Requirement —
Where the listing shows an image, skip it and output all other material unchanged.

Data segment —
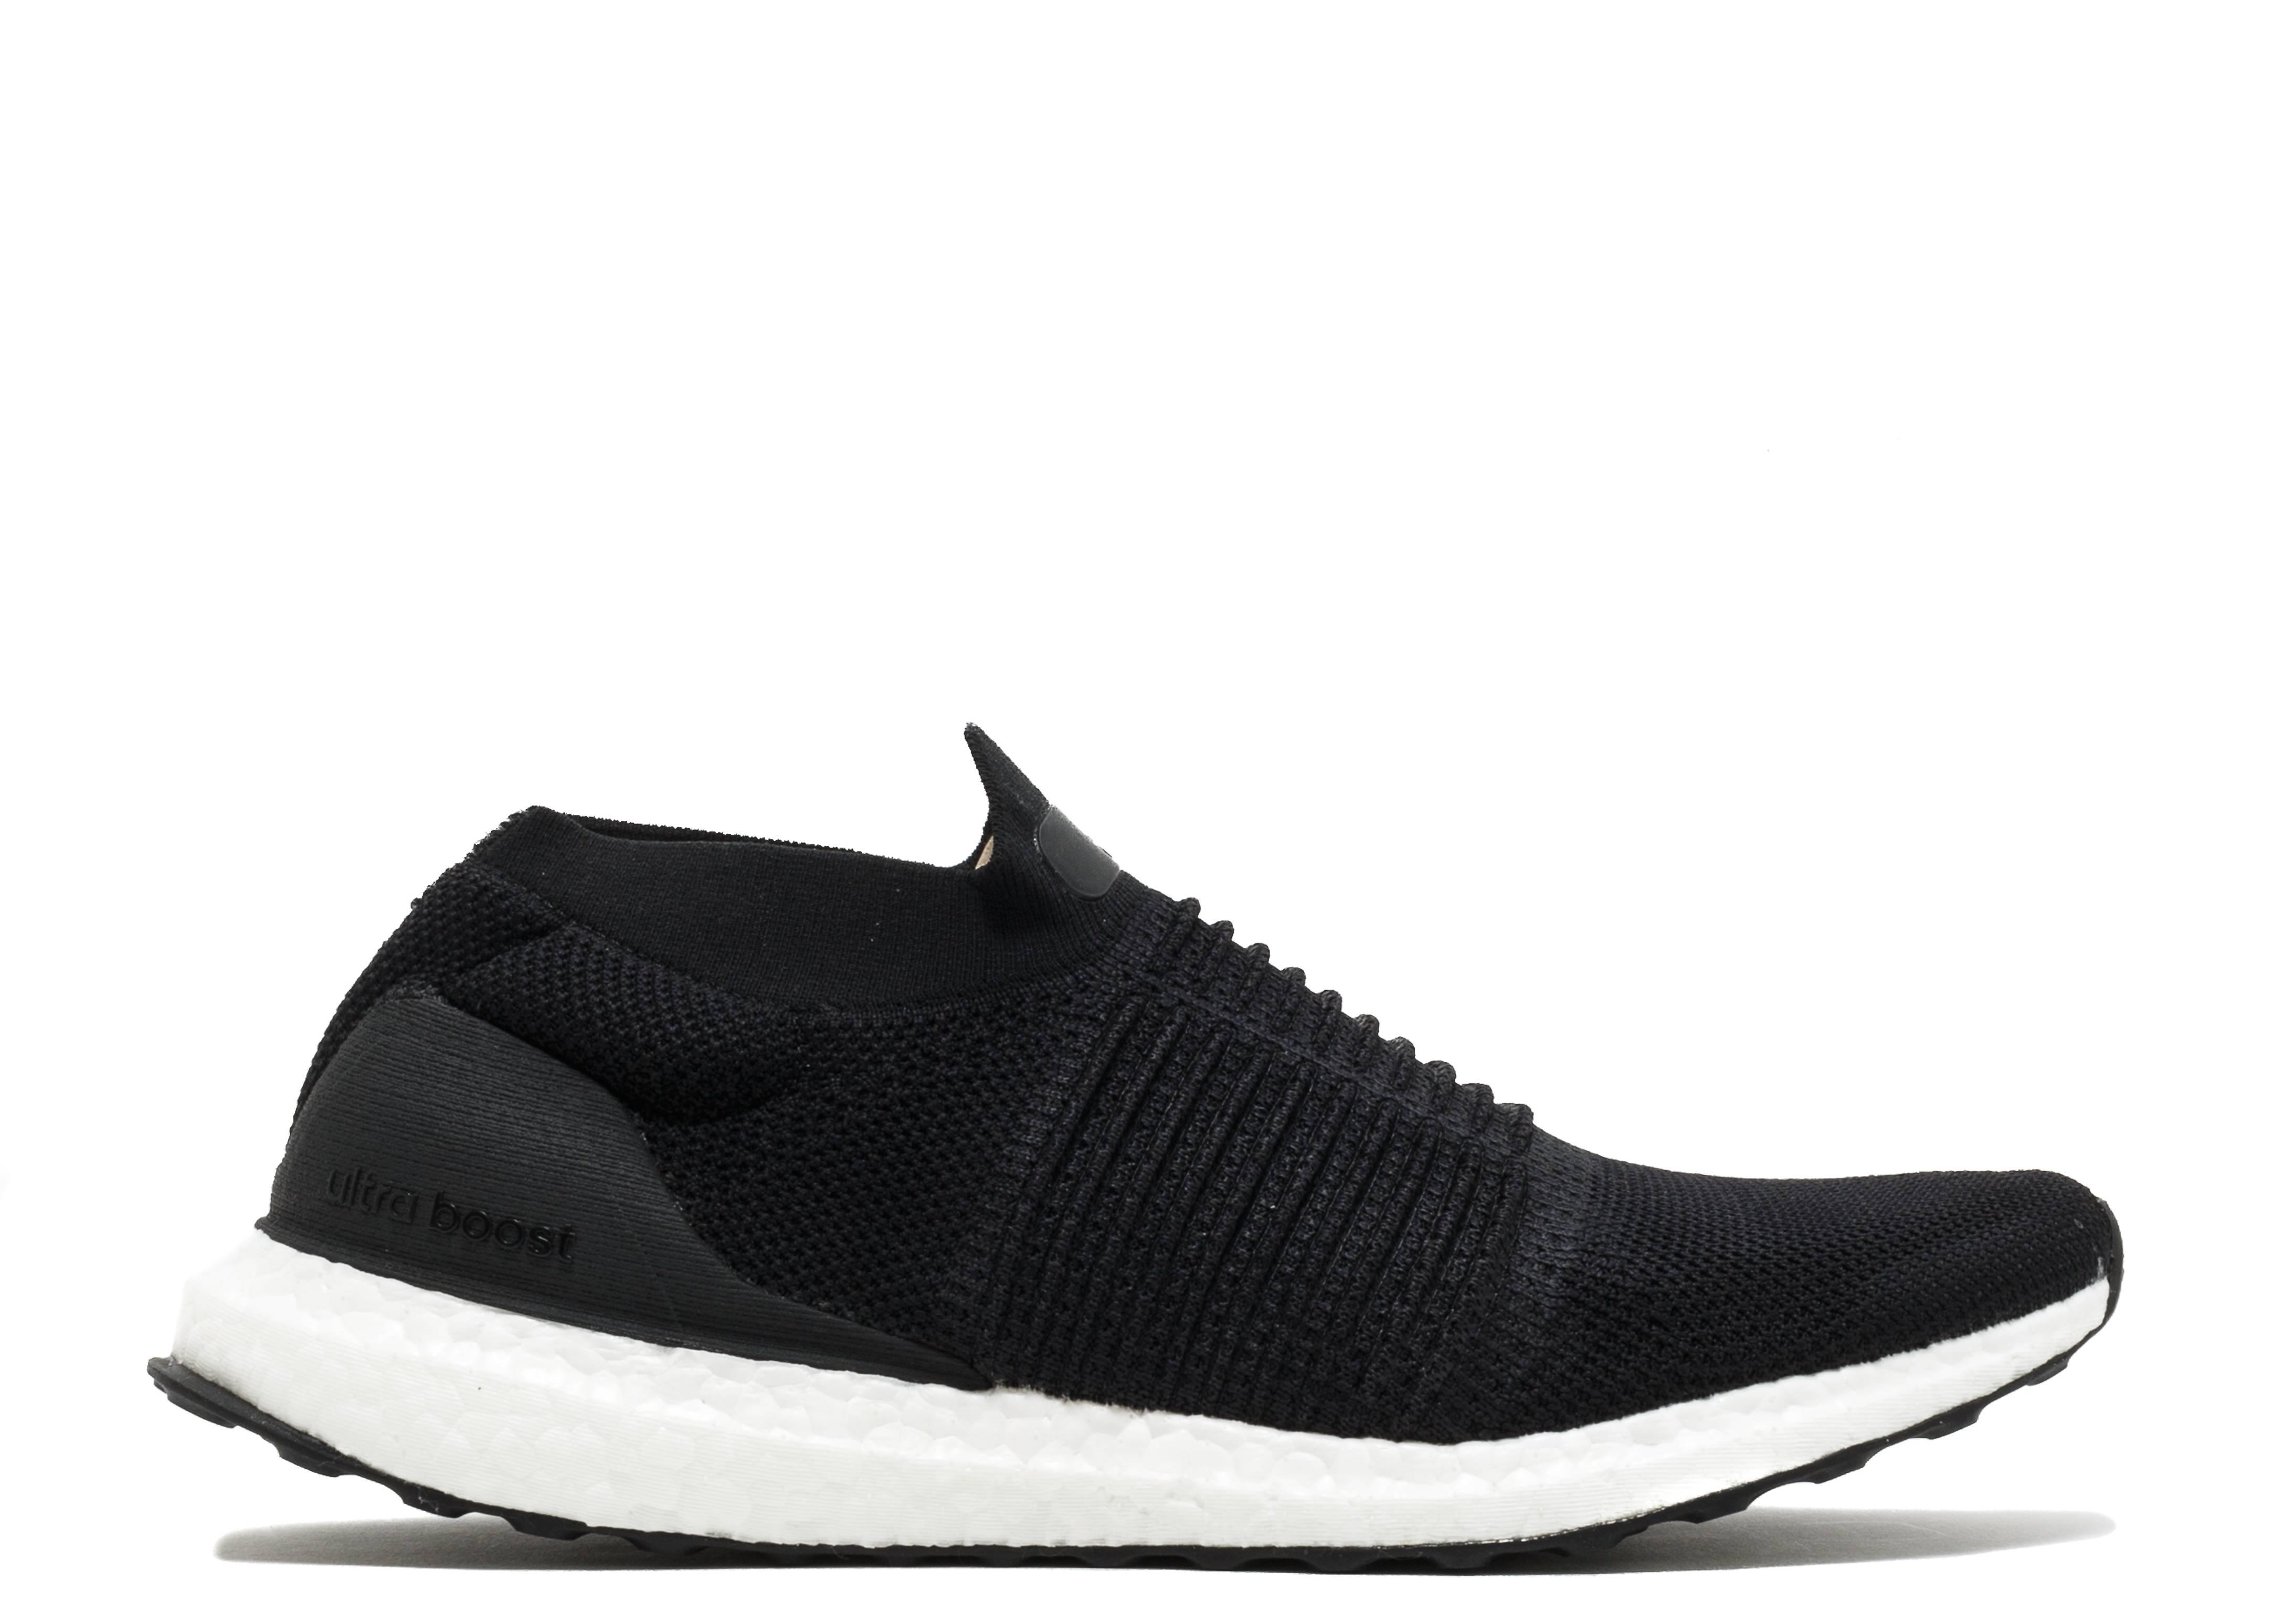 Adidas Men's Ultraboost Laceless NEW AUTHENTIC Black/Black-White S80770
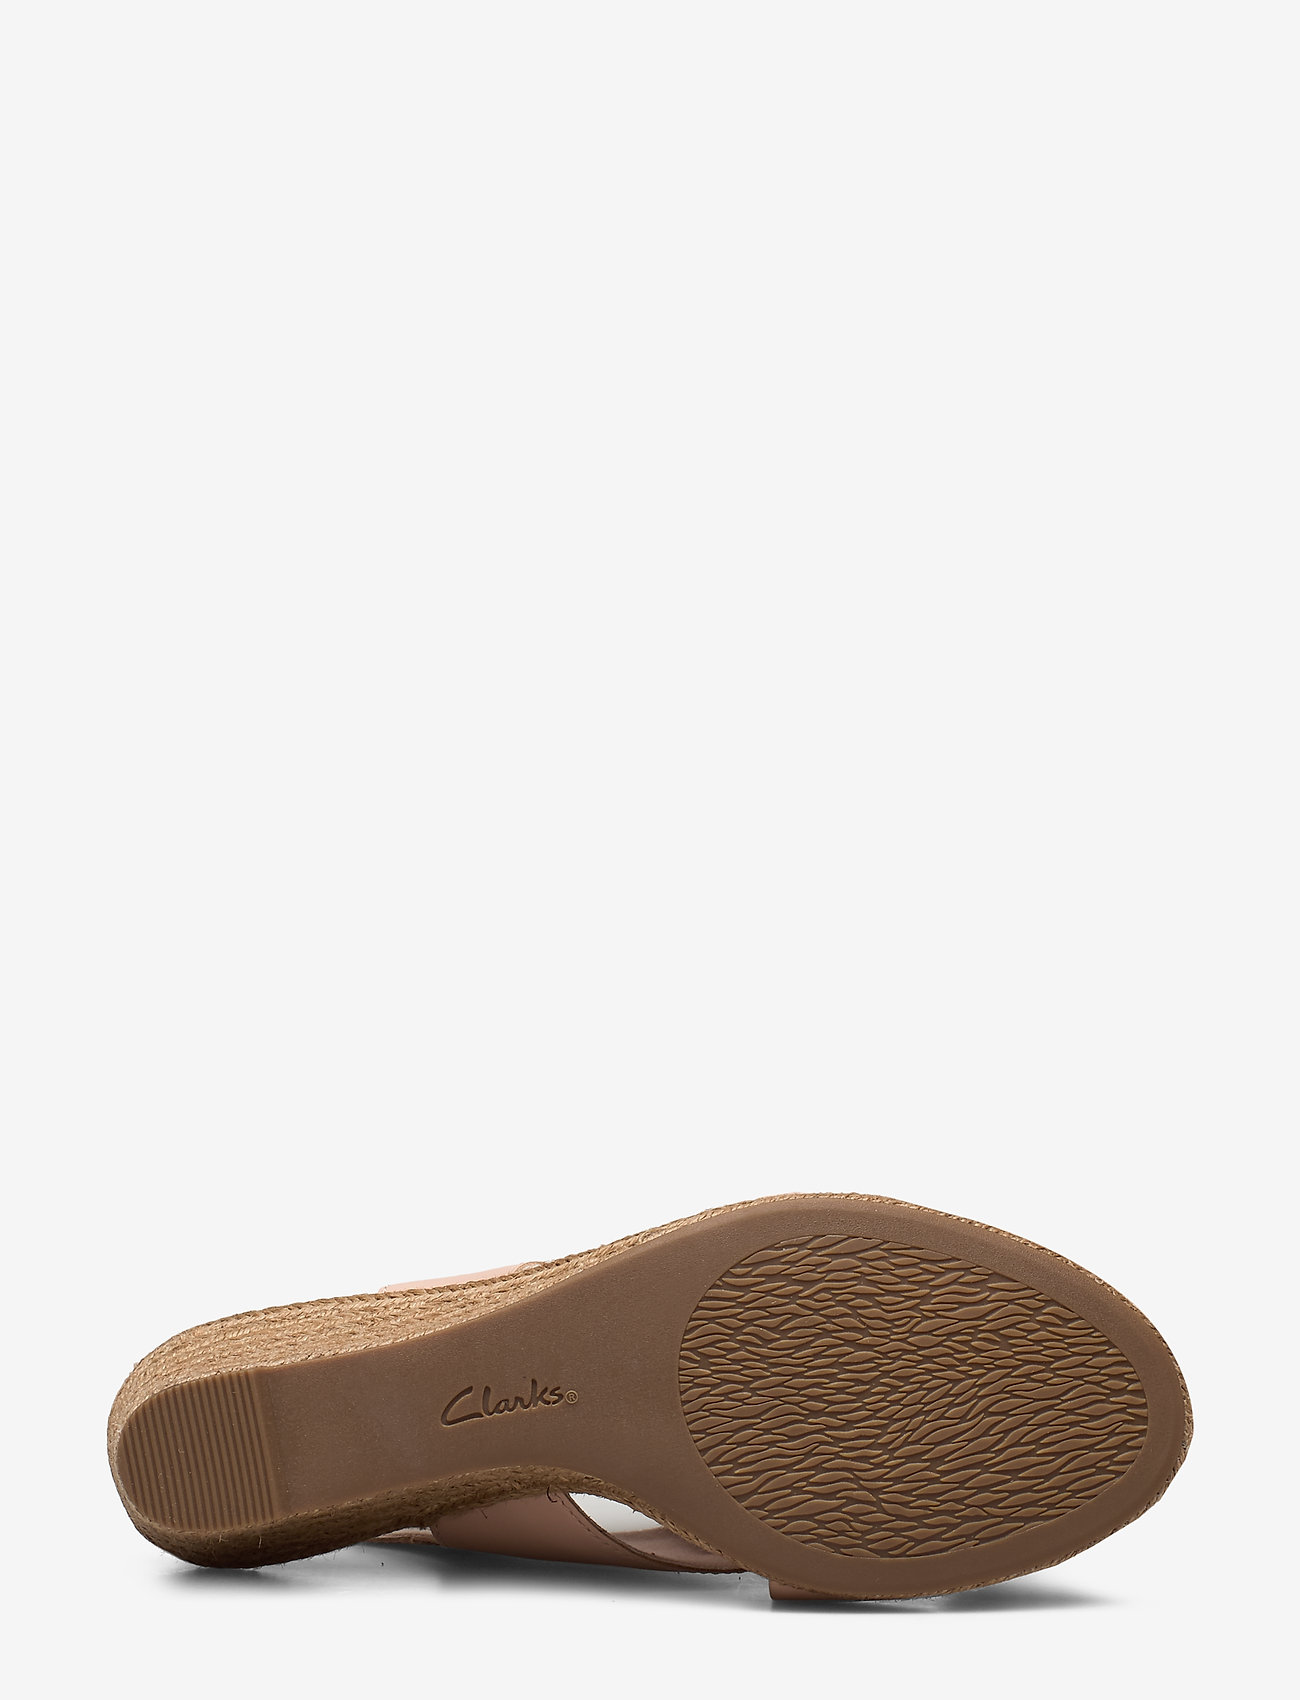 Lafley Alaine (Blush Leather) - Clarks
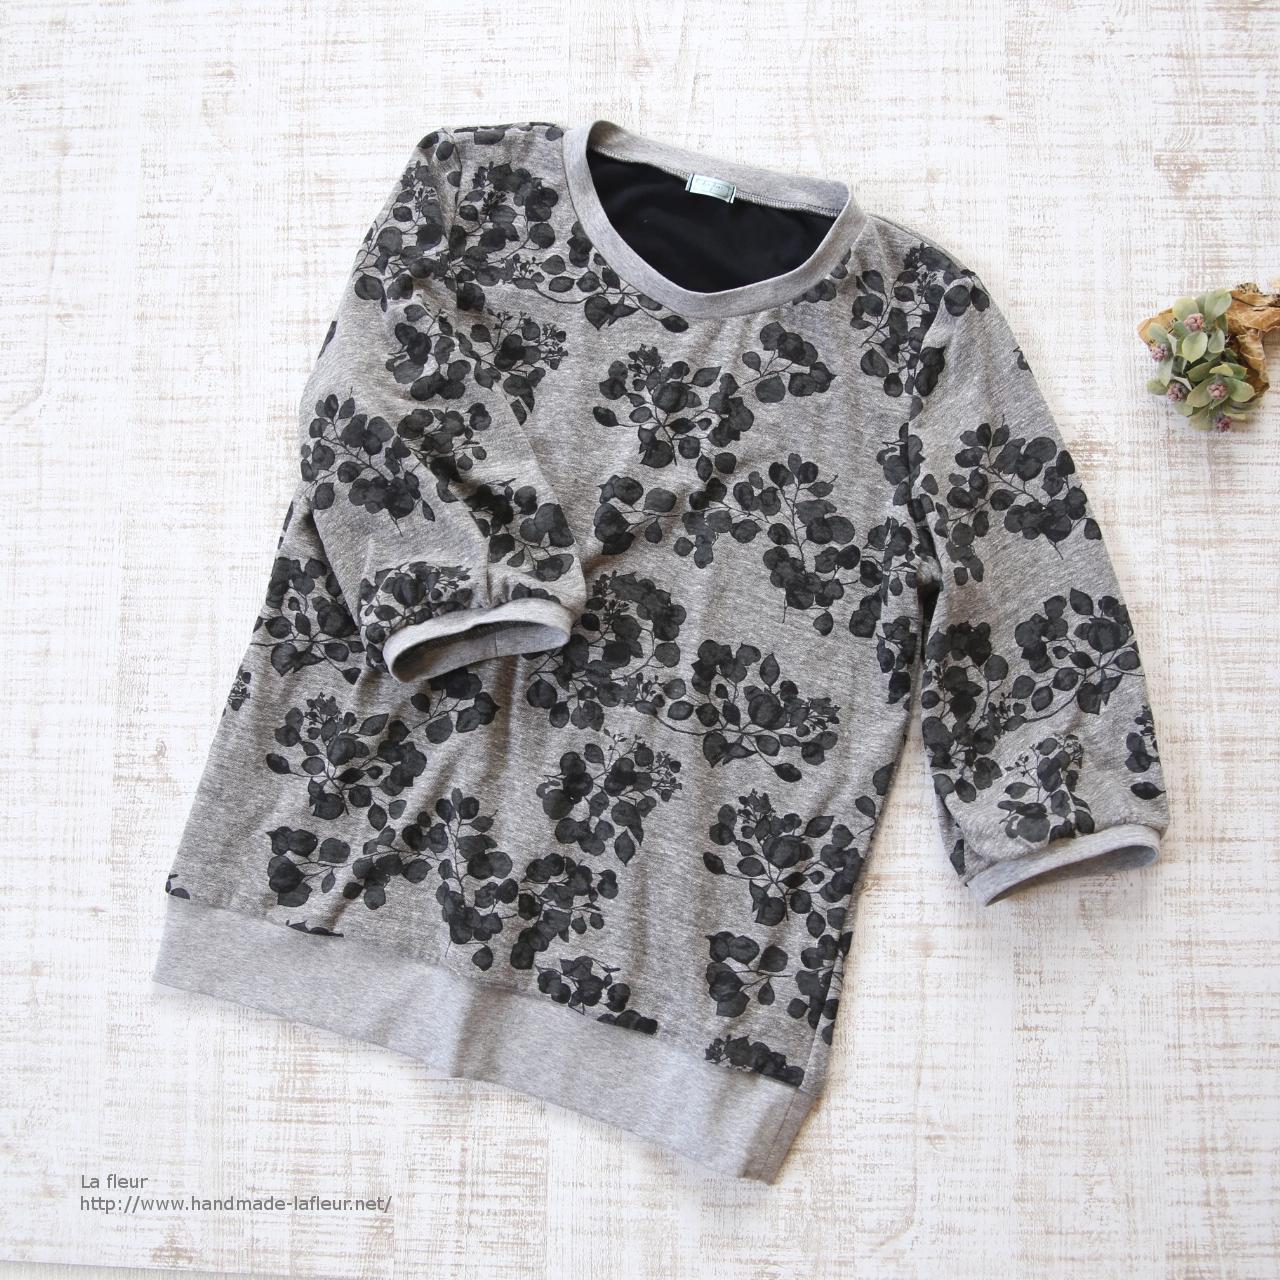 【L】七分袖プルオーバー*カットソー 黒×グレー 植物・花柄/Lafleur

Completed exercise —
 Adidas Men's Ultraboost Laceless NEW AUTHENTIC Black/Black-White S80770
 Lafley Alaine (Blush Leather) - Clarks
 【L】七分袖プルオーバー*カットソー 黒×グレー 植物・花柄/Lafleur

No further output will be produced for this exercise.